● **Stored data**
BEGIN

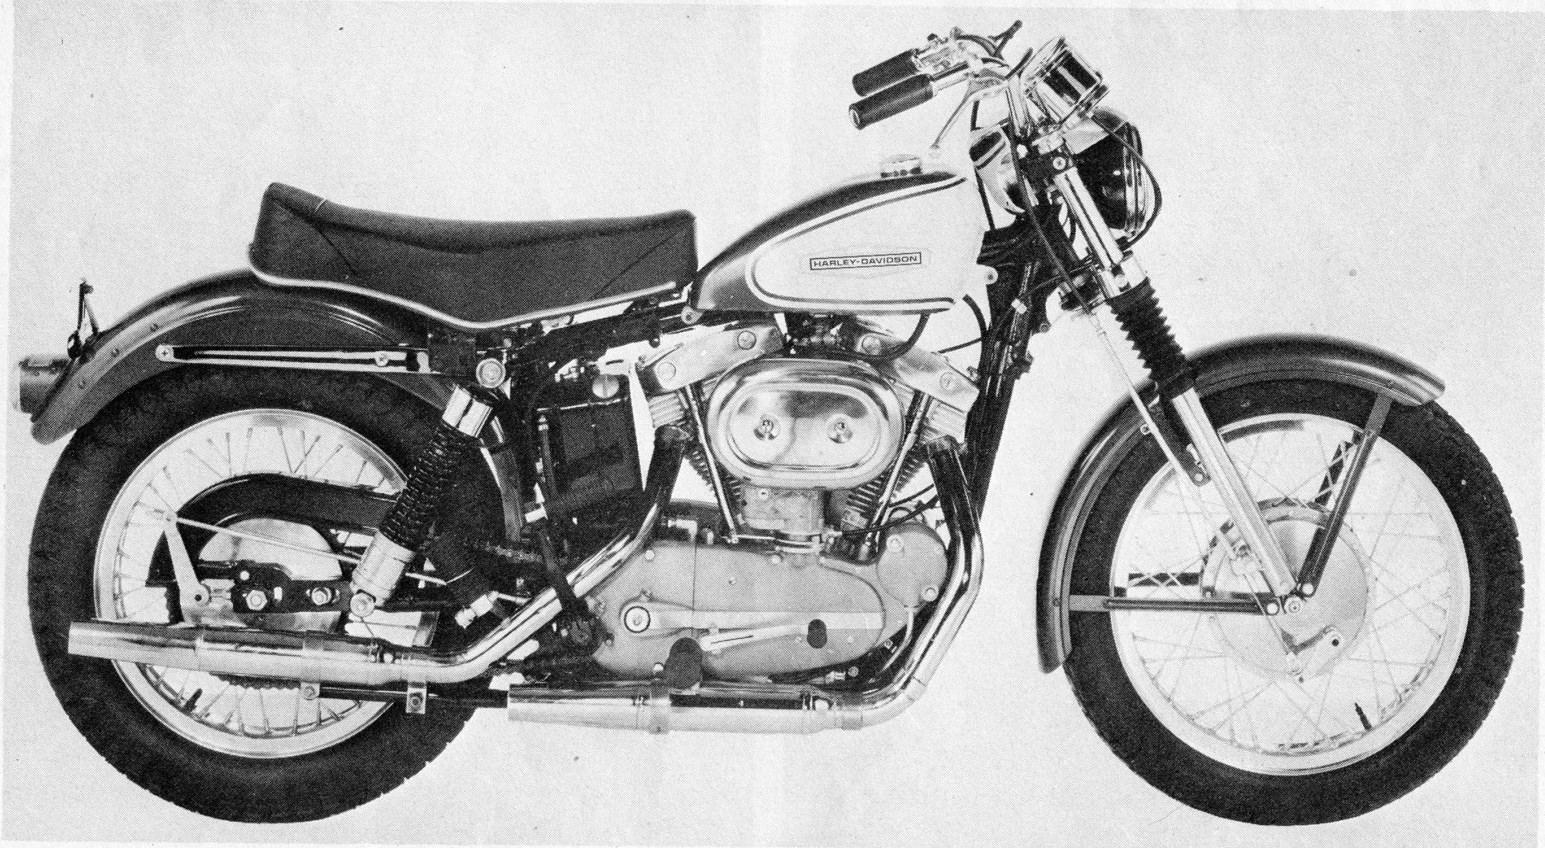 Modelo 66-XLCH Sportster
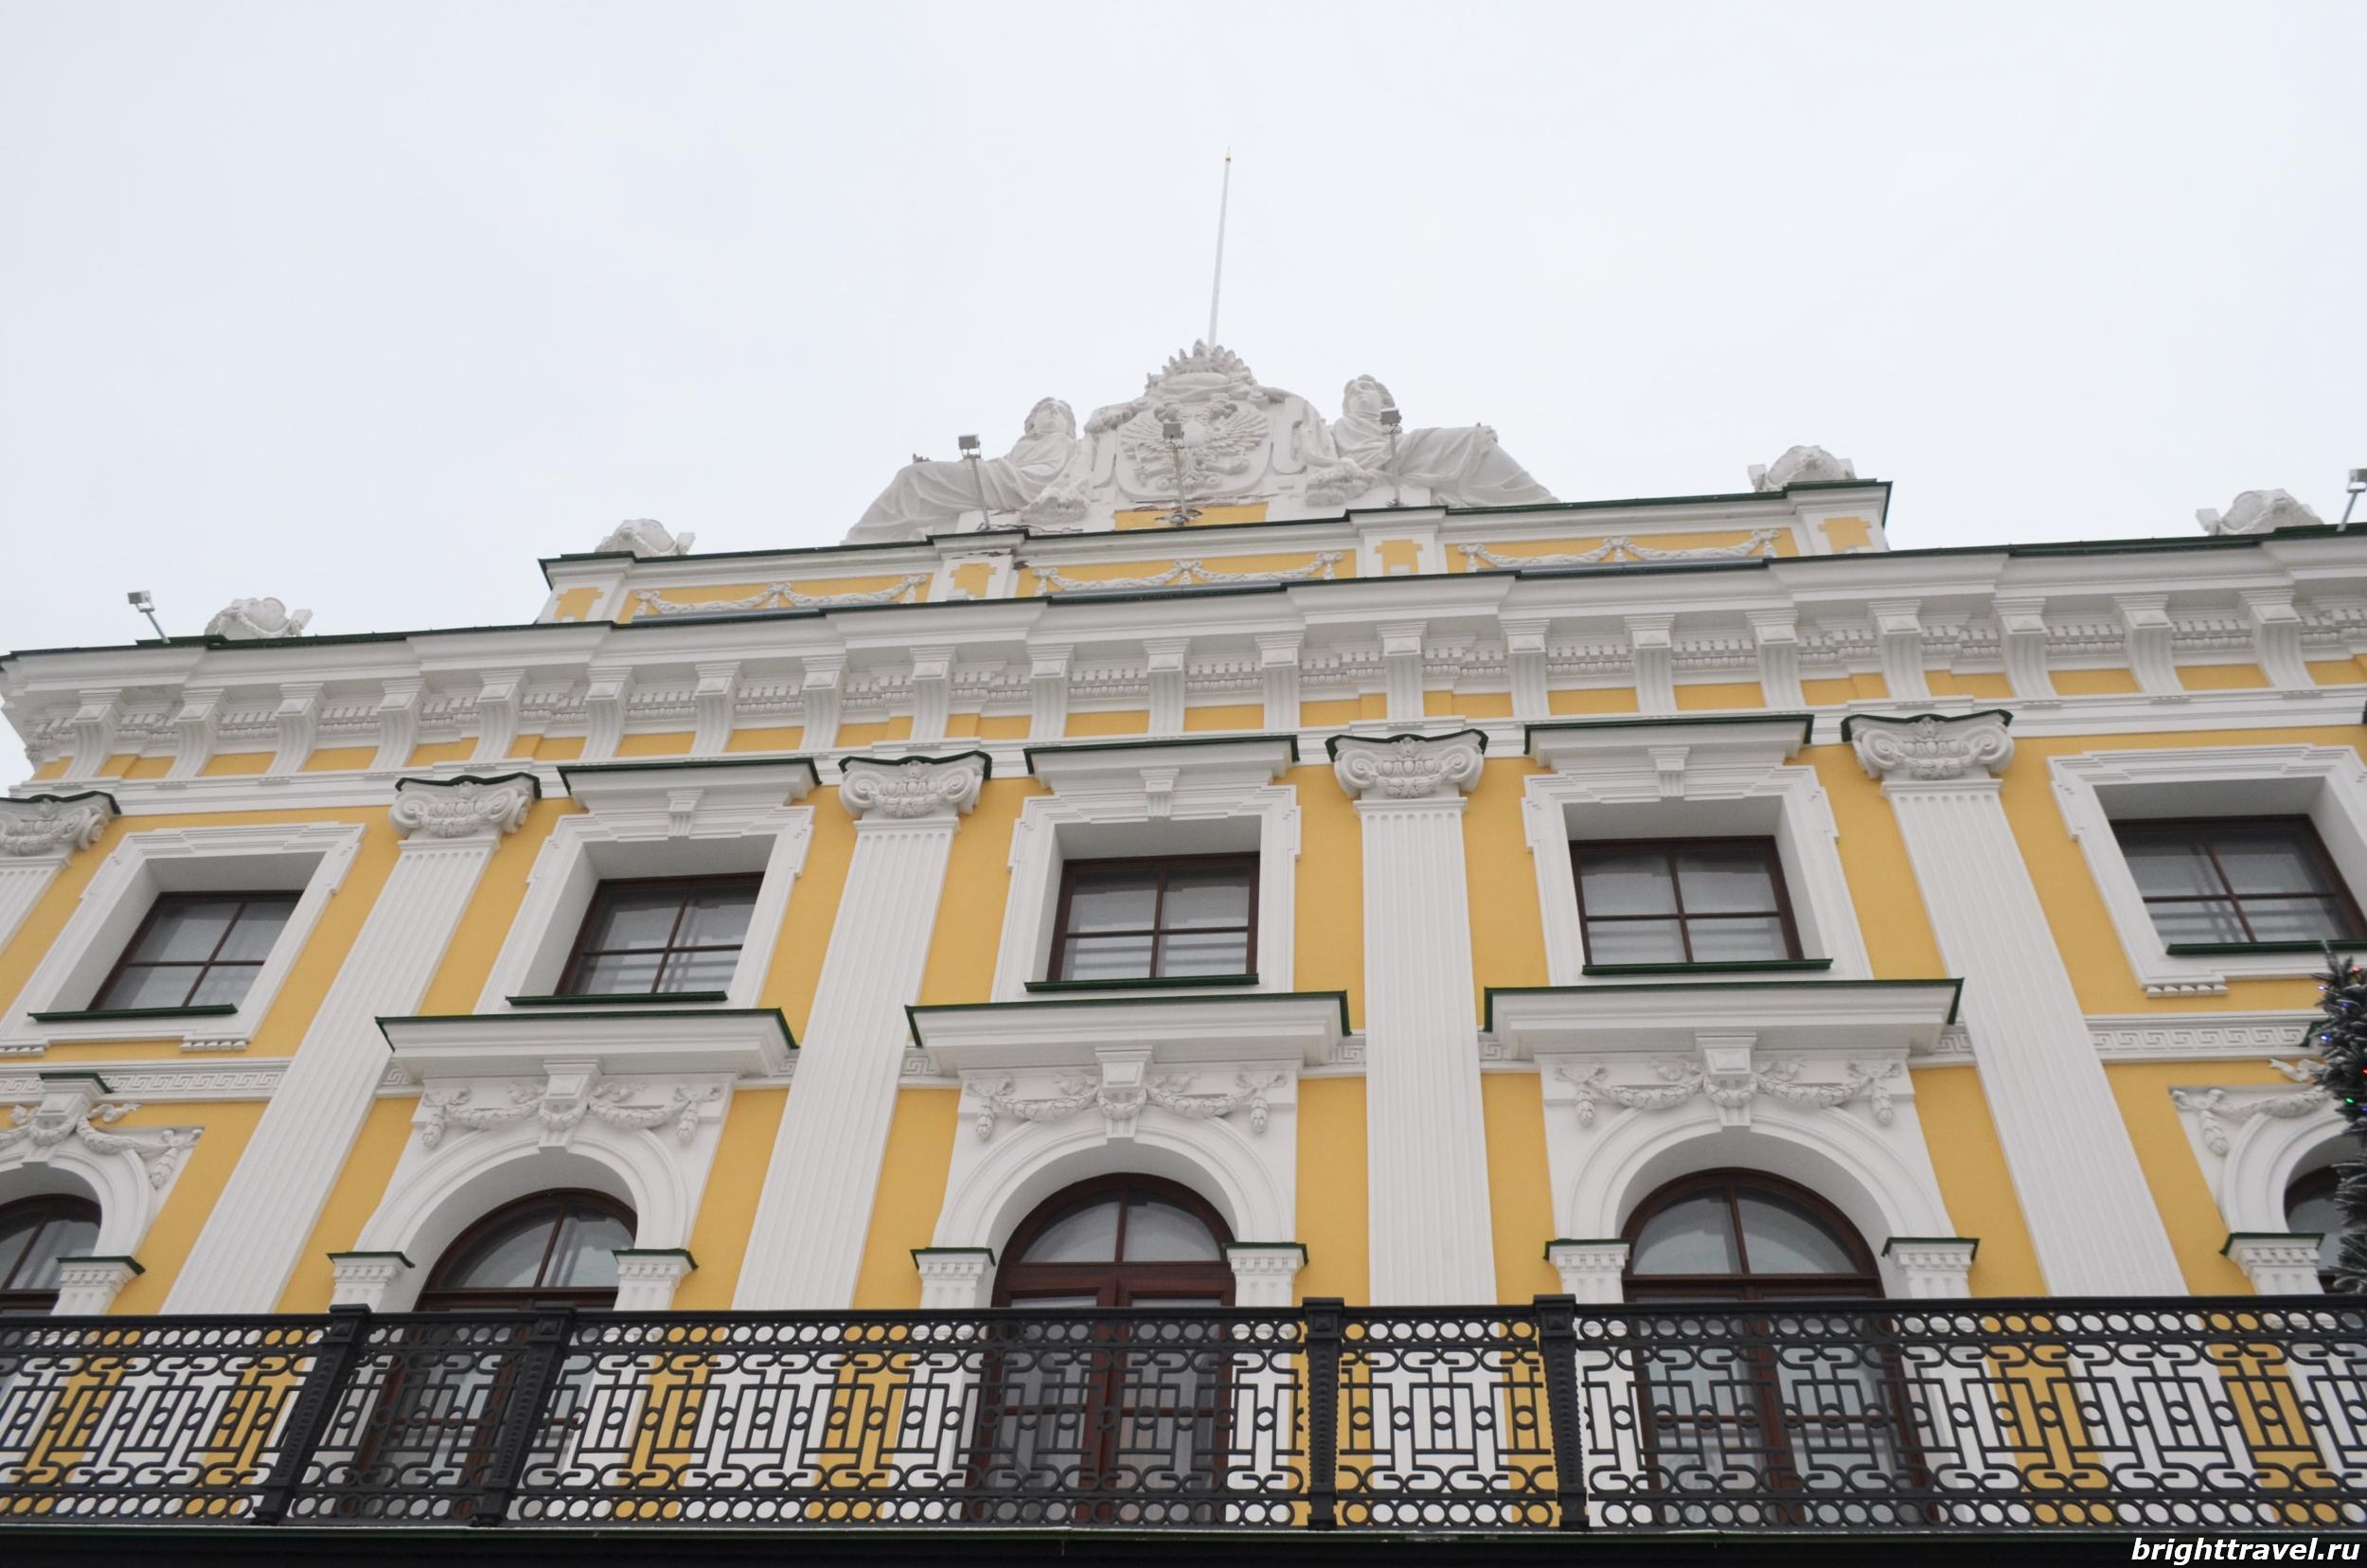 Фасад главного корпуса Императорского дворца Твери
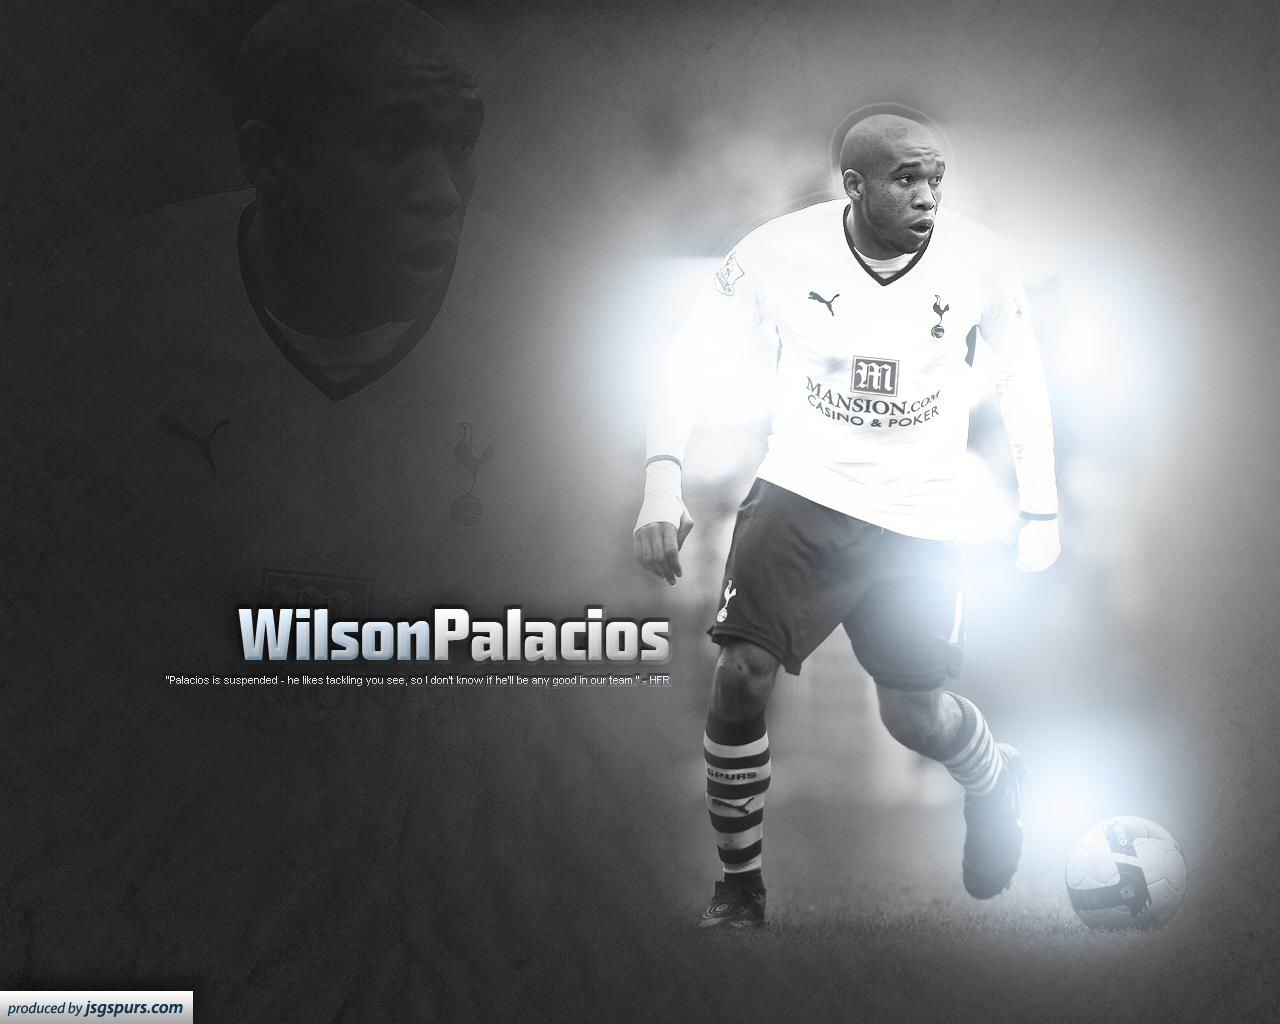 Тоттенхэм Хотспур Уилсон Паласиос сборная Гондураса Уиган Атлетик

END

Make an exact copy of the listing above. Do not include the pictures.

● **Solution for this task**
 Modelo 66-XLCH Sportster
 Фасад главного корпуса Императорского дворца Твери
 Тоттенхэм Хотспур Уилсон Паласиос сборная Гондураса Уиган Атлетик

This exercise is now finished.